2012 Pocono 400
- 2012 Pocono 400 program cover
- Date: June 10, 2012
- Location: Pocono Raceway in Long Pond, Pennsylvania
- Course: Permanent racing facility
- Course length: 2.5 miles (4.023 km)
- Distance: 160 laps, 400 mi (643.737 km)
- Weather: Clear with a high temperature around 84 °F (29 °C); wind out of the WNW at 7 mph (11 km/h)
- Average speed: 131.004 miles per hour (210.831 km/h)

Pole position
- Driver: Joey Logano; / Joe Gibbs Racing
- Time: 50.112

Most laps led
- Driver: Joey Logano / Joe Gibbs Racing
- Laps: 49

Winner
- No. 20: Joey Logano / Joe Gibbs Racing

Television in the United States
- Network: TNT
- Announcers: Adam Alexander, Kyle Petty and Wally Dallenbach Jr.

= 2012 Pocono 400 =

The 2012 Pocono 400 Presented by #NASCAR was a NASCAR Sprint Cup Series stock car race held on June 10, 2012, at Pocono Raceway in Long Pond, Pennsylvania, United States. Contested over 160 laps, it was the fourteenth race of the 2012 NASCAR Sprint Cup Series season. Joey Logano of Joe Gibbs Racing won the race from the pole (the second of his career, and the first to have come in a race that went the scheduled distance) while Mark Martin finished second and Tony Stewart finished third.

The race logo for the 2012 Pocono 400.

There were seven cautions and 21 lead changes among ten different drivers during the race. Logano's win moved him to 15th position in the drivers' championship, 125 points behind leader Matt Kenseth and 18 ahead of Kasey Kahne in 16th. In the Manufacturers' Championship, Chevrolet maintained the first position with 96 points, 13 ahead of Toyota. Ford was placed third with 71 points, 13 ahead of Dodge with 22 races remaining in the season.

==Report==

===Background===

Pocono Raceway, the race track where the race was held.

Pocono Raceway is one of six superspeedways to hold NASCAR races, the others being Daytona International Speedway, Michigan International Speedway, Auto Club Speedway, Indianapolis Motor Speedway and Talladega Superspeedway. The standard track at Pocono Raceway is a three-turn superspeedway that is 2.5 mi long. The track's turns are banked differently; the first is banked at 14°, the second turn at 8° and the final turn with 6°. However, each of the three straightaways are banked at 2°. Jeff Gordon was the defending race winner.
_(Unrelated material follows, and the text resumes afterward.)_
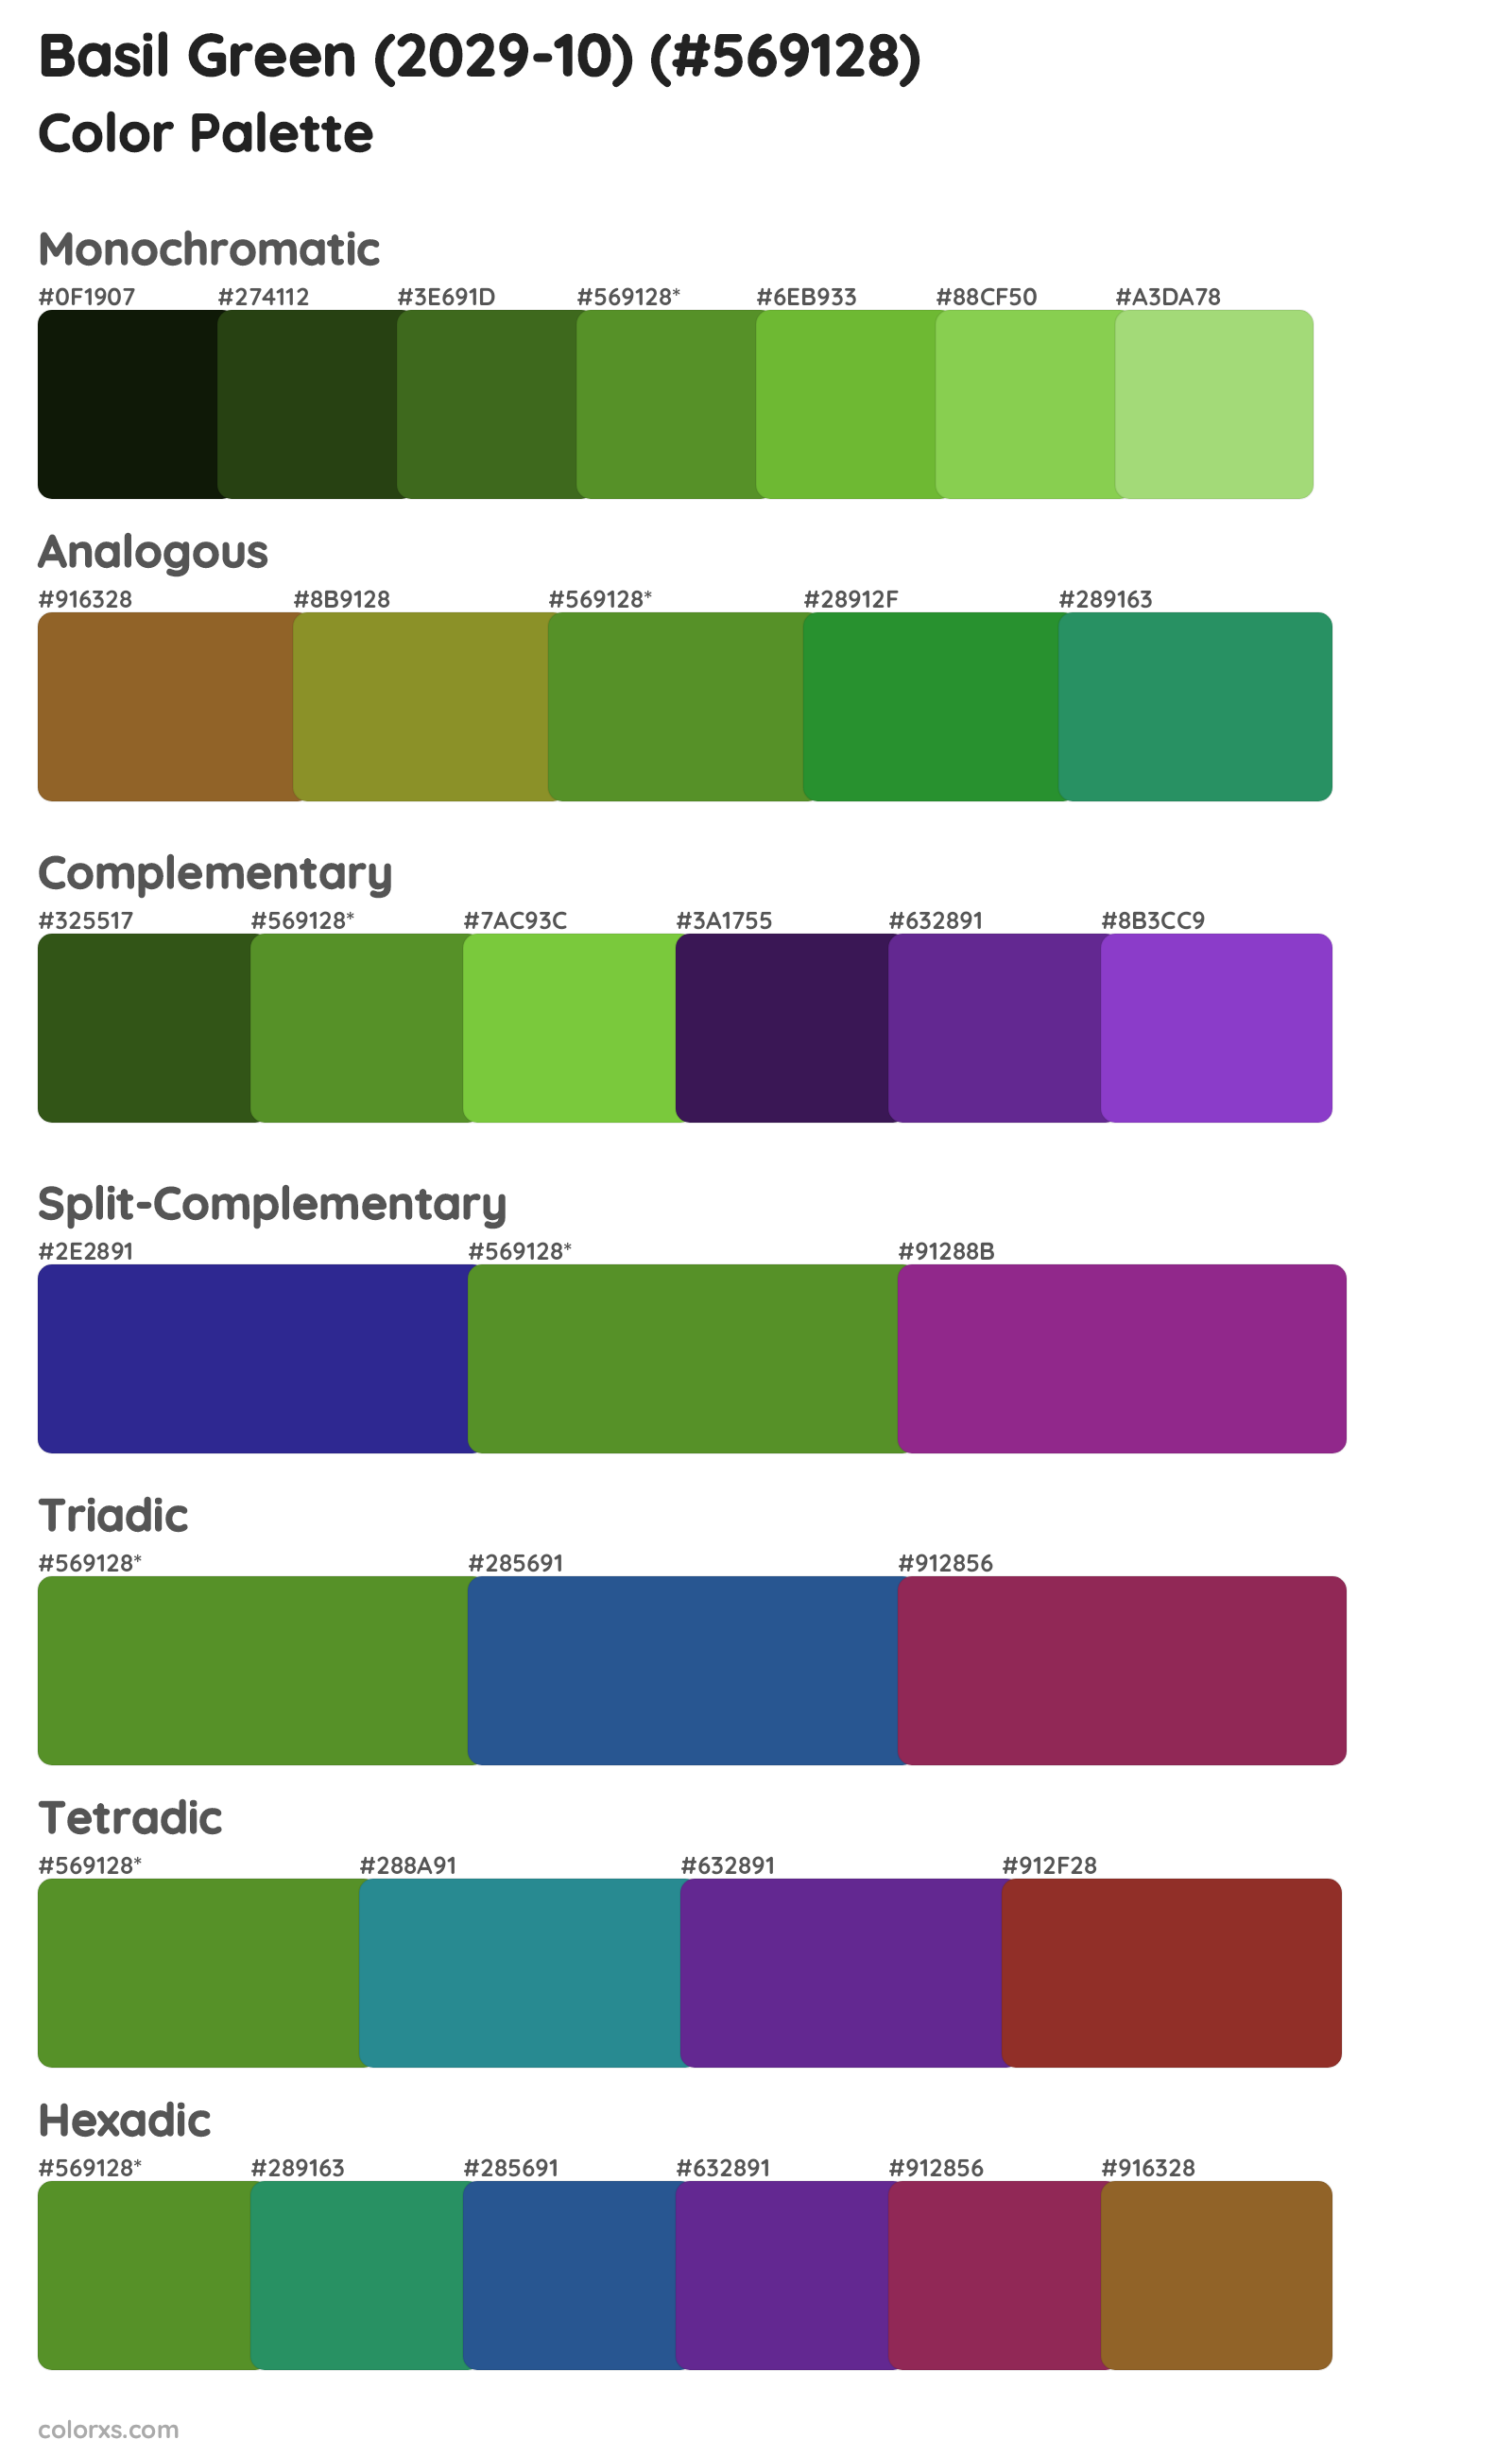 Basil Green (2029-10) Color Scheme Palettes

In preparation for the race, NASCAR held three test sessions on June 6–7, 2012 for teams to test the newer pavement at Pocono, as the track had been repaved following the previous year's events. During the first test session, which was held on June 6 for four hours, Mark Martin was quickest ahead of A. J. Allmendinger with a speed of 175.380 mi/h and a time of . Allmendinger was quickest in the first of two test sessions on June 7 with a time of 50.793 seconds and a speed of 177.190 mi/h, while Kasey Kahne was quickest in the second test session with a time of 50.142 seconds and a speed of 179.490 mi/h. Top speeds at the end of the front straightaway approached 212 mi/h, however NASCAR determined that the use of restrictor plates would not be required.
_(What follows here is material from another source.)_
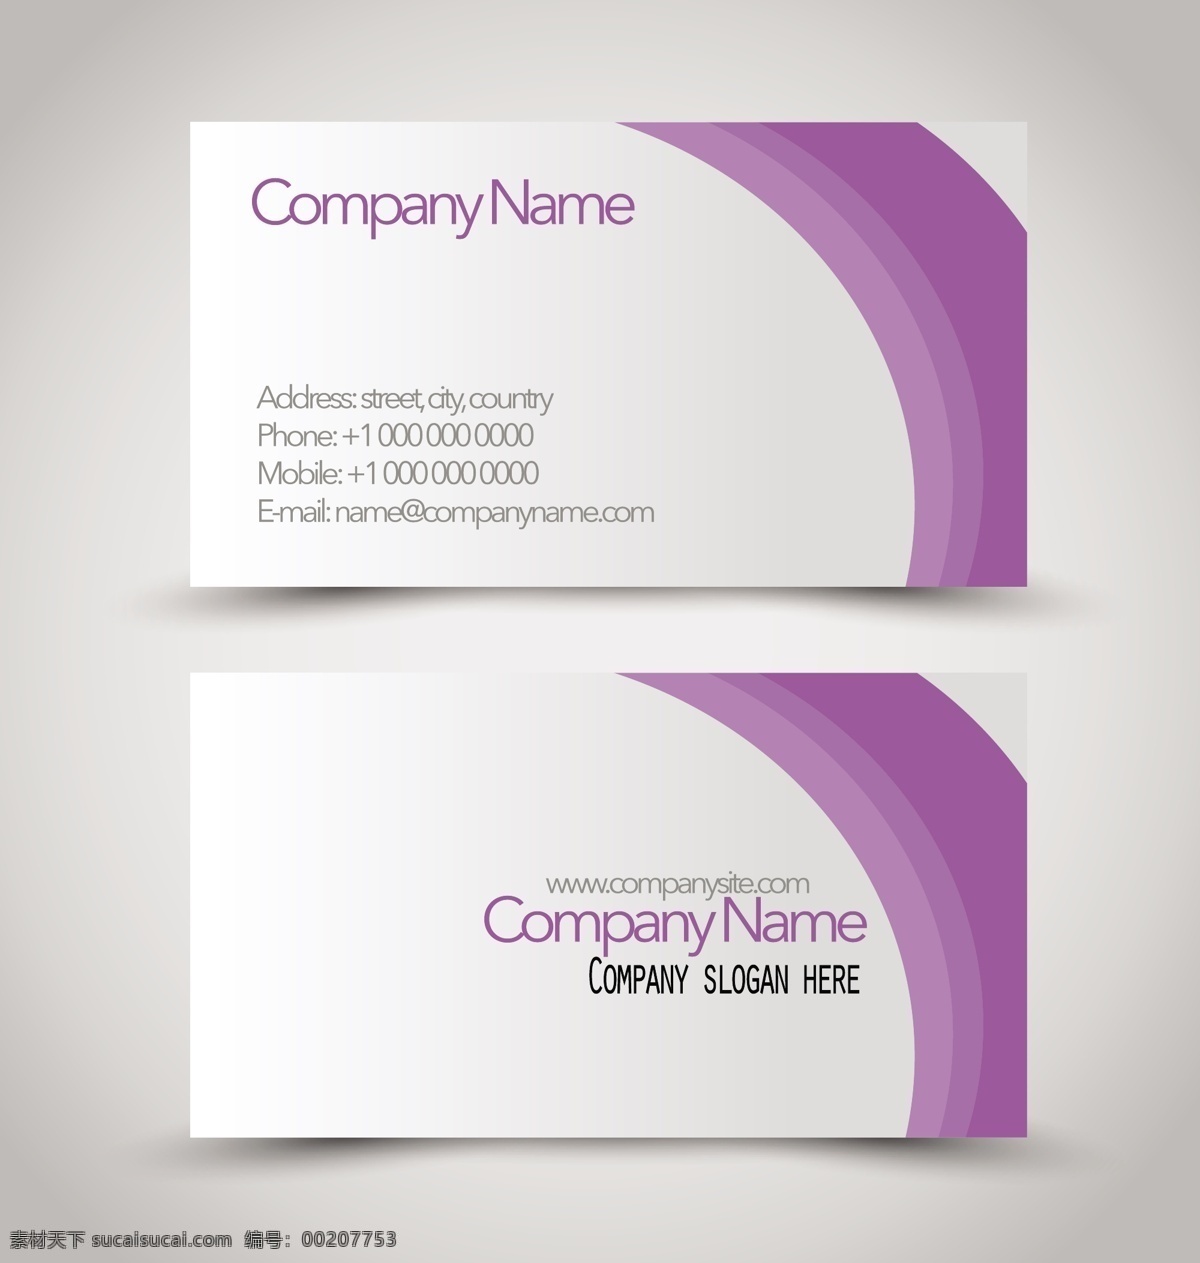 简约 大方 商务 名片 矢量 模版 紫色 卡片 矢量素材 设计素材

On June 5, 2012, NASCAR suspended Phoenix Racing driver Kurt Busch from the race after verbally abusing a media member and taking actions detrimental to stock car racing one week earlier at Dover International Speedway.

Before the race, Greg Biffle led the Drivers' Championship with 486 points, and Matt Kenseth stood in second with 485. Dale Earnhardt Jr. was third in the Drivers' Championship with 476, twelve points ahead of Denny Hamlin and twenty-three ahead of Jimmie Johnson in fourth and fifth. Martin Truex Jr., with 453, was one point ahead of Kevin Harvick, as Tony Stewart with 407 points, was one ahead of Kyle Busch and two in front of Clint Bowyer. In the Manufacturers' Championship, Chevrolet was leading with 90 points, sixteen points ahead of Toyota. Ford, with 67 points, was twelve points ahead of Dodge in the battle for third.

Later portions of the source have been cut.